Source code for jarvis.core.specie

"""Modules related to chemistry of periodic-table elements."""

import os
import json
import numpy as np
import functools
from jarvis.core.utils import digitize_array
from collections import defaultdict
from collections.abc import Iterable
from jarvis.db.jsonutils import loadjson

el_chem_json_file = str(
    os.path.join(os.path.dirname(__file__), "Elements.json")
)
el_chem_json = open(el_chem_json_file, "r")
chem_data = json.load(el_chem_json)
el_chem_json.close()

chem_data_magpie = loadjson(
    os.path.join(os.path.dirname(__file__), "magpie.json")
)

el_chrg_json_file = str(
    os.path.join(os.path.dirname(__file__), "element_charge.json")
)
el_chrg_json = open(el_chrg_json_file, "r")
chrg_data = json.load(el_chrg_json)
el_chrg_json.close()
cgcnn_feature_json = os.path.join(os.path.dirname(__file__), "atom_init.json")

element_full_name = os.path.join(
    os.path.dirname(__file__), "element_names.json"
)



[docs]
def get_element_full_names():
    return loadjson(element_full_name)




[docs]
def get_descrp_arr_name(elm="Al"):
    """
    Get chemical descriptors for an element.

    Can be used in JARVIS-ML.

    Args:

           elm: element name

    Returns:
             arr: array value
    """
    arr = []
    try:
        dat = chem_data
        d = dat[elm]
        arr = []
        for k, v in d.items():
            arr.append(k)
    except Exception:
        pass
    return arr




[docs]
class Specie(object):
    """
    Specie object for chemistry information.

    Used in defining chemistry of a material.

    >>> el = Specie('Al')
    >>> el.Z
    13
    >>> round(el.atomic_mass,2)
    26.98
    >>> el.symbol
    'Al'
    >>> round(el.get_chgdescrp_arr[1],2)
    12.17
    >>> round(el.get_descrp_arr[1],2)
    2792.11
    >>> el = Specie('asdfg')
    >>> el.element_property("asdfg")
    nan

    """

    def __init__(self, symbol="", source="cfid"):
        """Initialize with periodic table element."""
        self.symbol = symbol
        if source == "cfid":
            # Cite reference:
            # https://doi.org/10.1103/PhysRevMaterials.2.083801
            self._data = chem_data
        elif source == "magpie":
            # Cite reference:
            # https://doi.org/10.1038/npjcompumats.2016.28
            self._data = chem_data_magpie
        else:
            raise ValueError("Option not available.", source)

    @property
    def Z(self):
        """Get atomic number."""
        return self.element_property("Z")

    @property
    def atomic_mass(self):
        """Get atomic mass."""
        return self.element_property("atom_mass")

    @property
    def get_chgdescrp_arr(self):
        """
        Get charge descriptors for an element.

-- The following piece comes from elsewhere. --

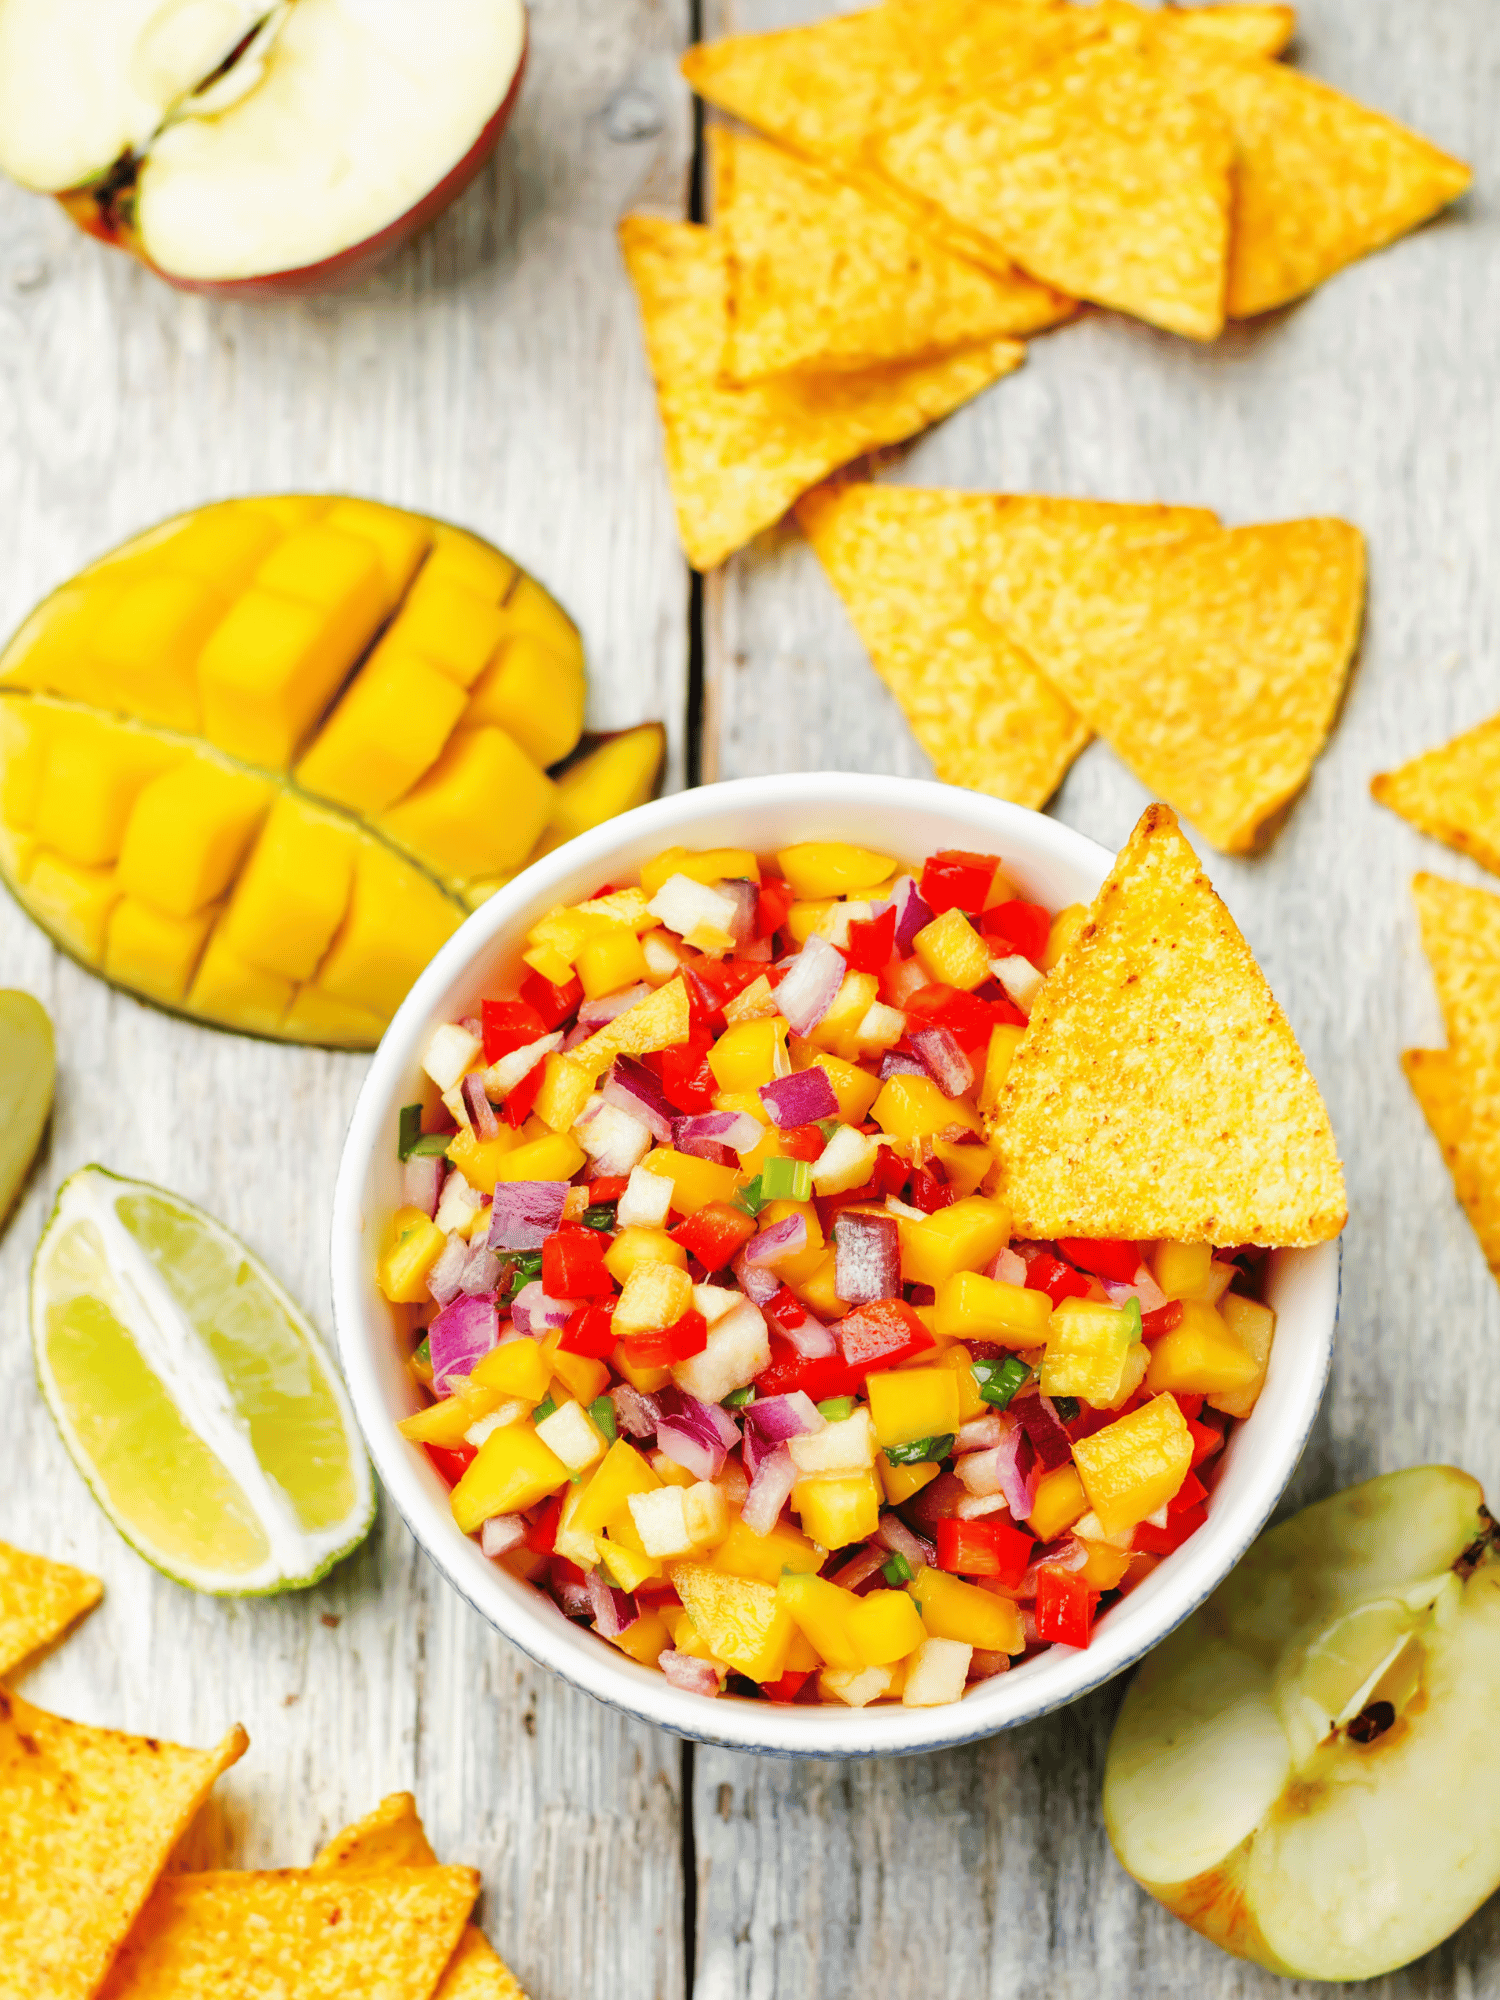 Mango Salsa With Whole Grain Chips Recipe: A Tropical Snack

        Gives 378 array data.

        Args:

           elm: element name

        Returns:
             arr: array value
        """
        arr = []

        # try:
        arr = chrg_data[self.symbol][0][1]
        # except:
        #    pass
        return arr

    @property
    def get_descrp_arr(self):
        """
        Get chemical descriptors for an element.

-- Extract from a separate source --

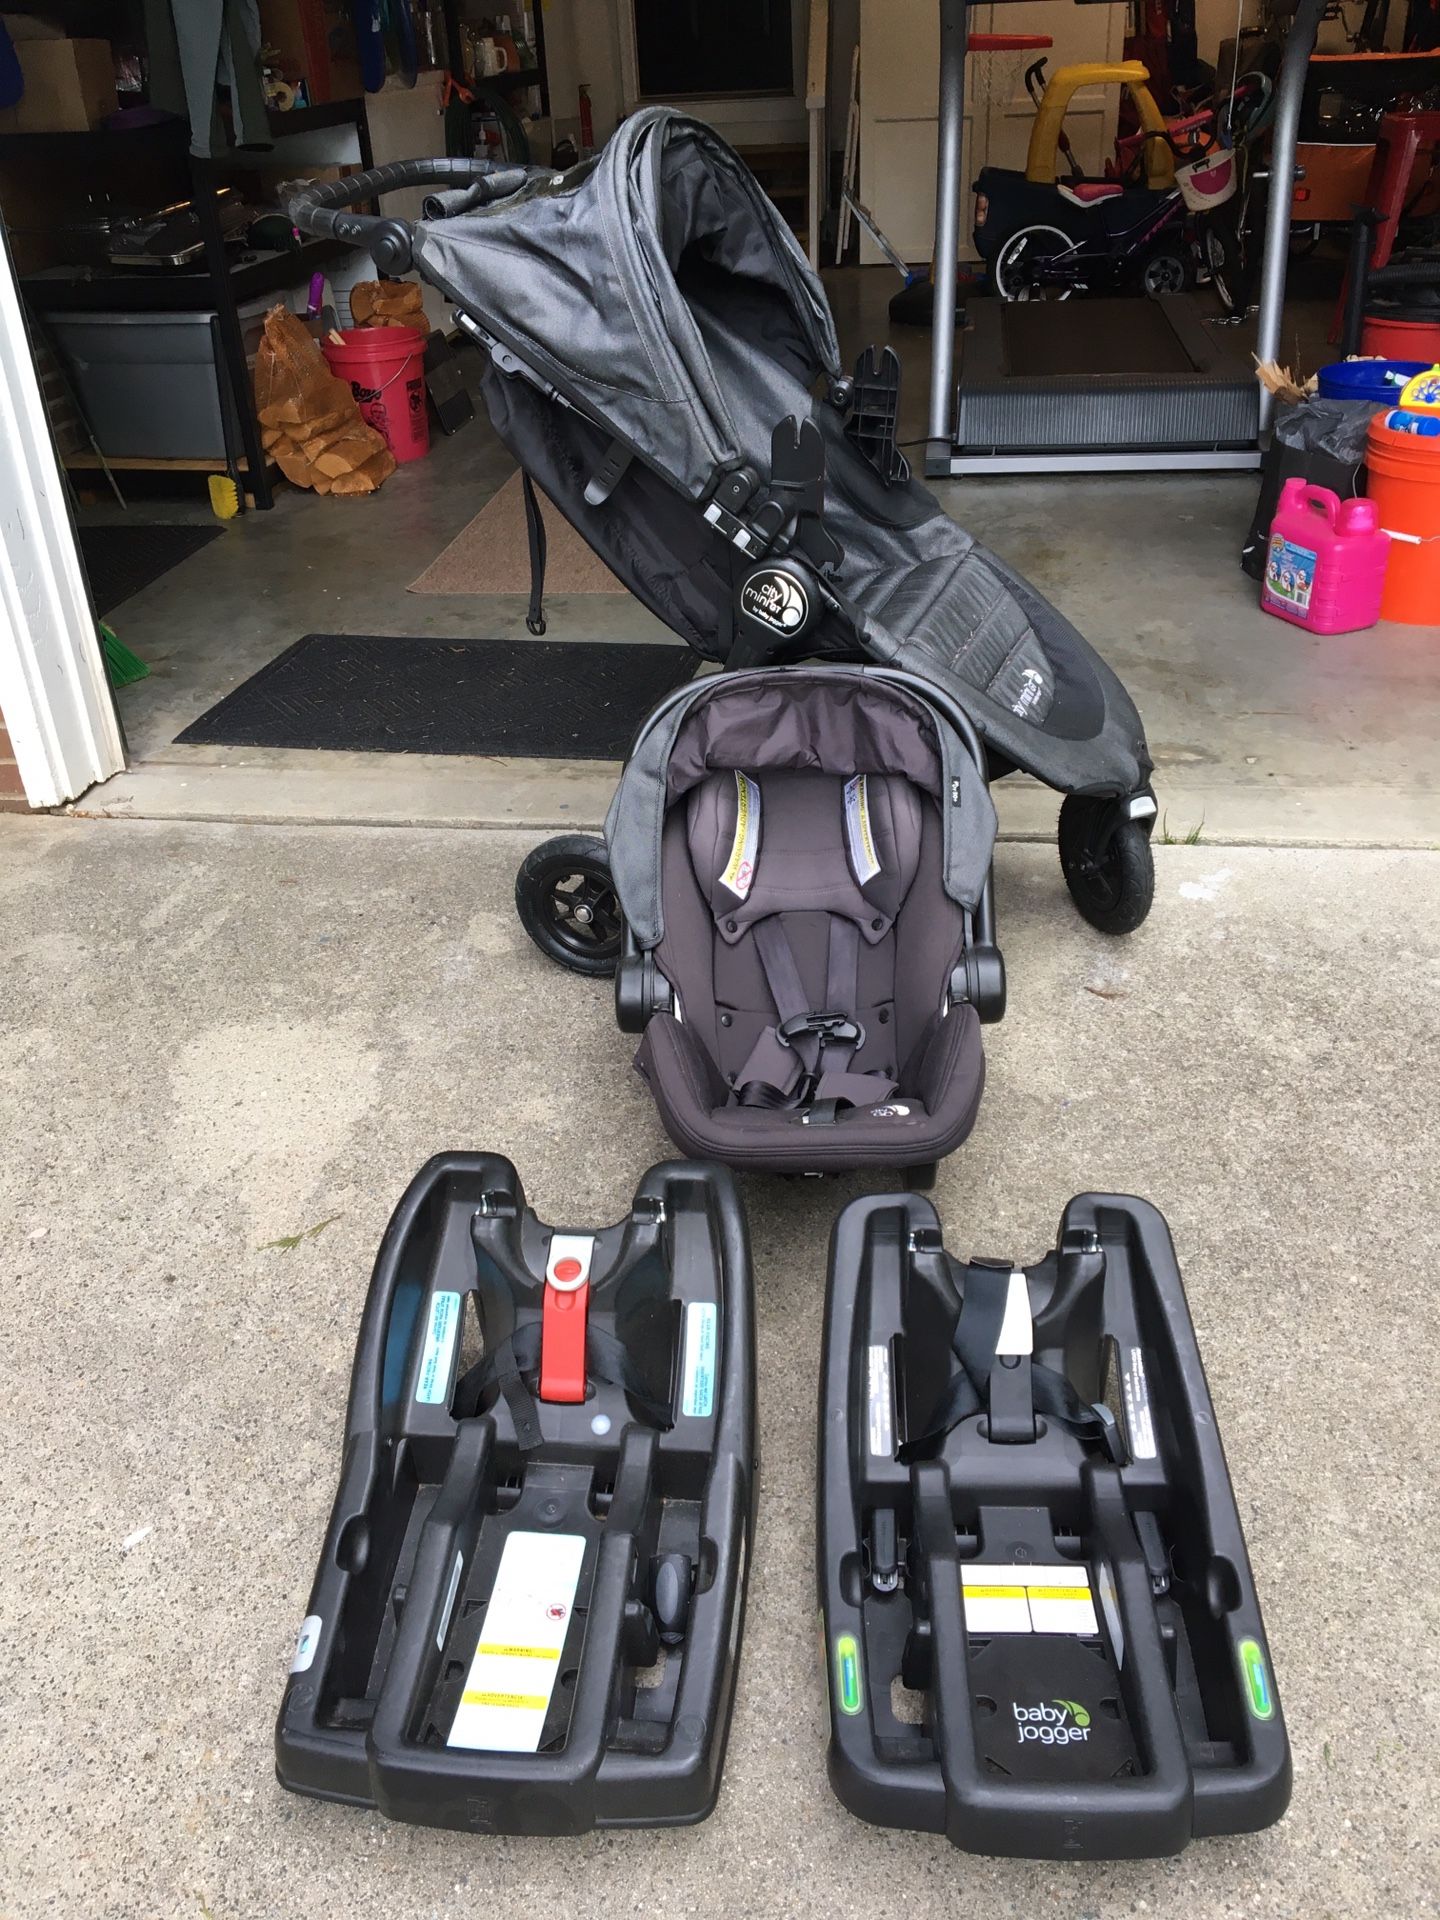 Baby Jogger Stroller, Car Seat, Bases, $175

        Gives 438 array data.

        Args:

           elm: element name

        Returns:
             arr: array value
        """
        arr = []
        # print ('self._data')
        d = self._data[self.symbol]
        # d = chem_data[self.symbol]
        arr = []
        for k, v in d.items():
            arr.append(v)
        arr = np.array(arr).astype(float)
        return arr

    @property
    def atomic_rad(self):
        """Get atomic radii."""
        return self.element_property("atom_rad")

    @property
    def X(self):
        """Get electronegativity."""
        return self.element_property("X")


[docs]
    def element_property(self, key=""):
        """
        Get element property from the list of keys.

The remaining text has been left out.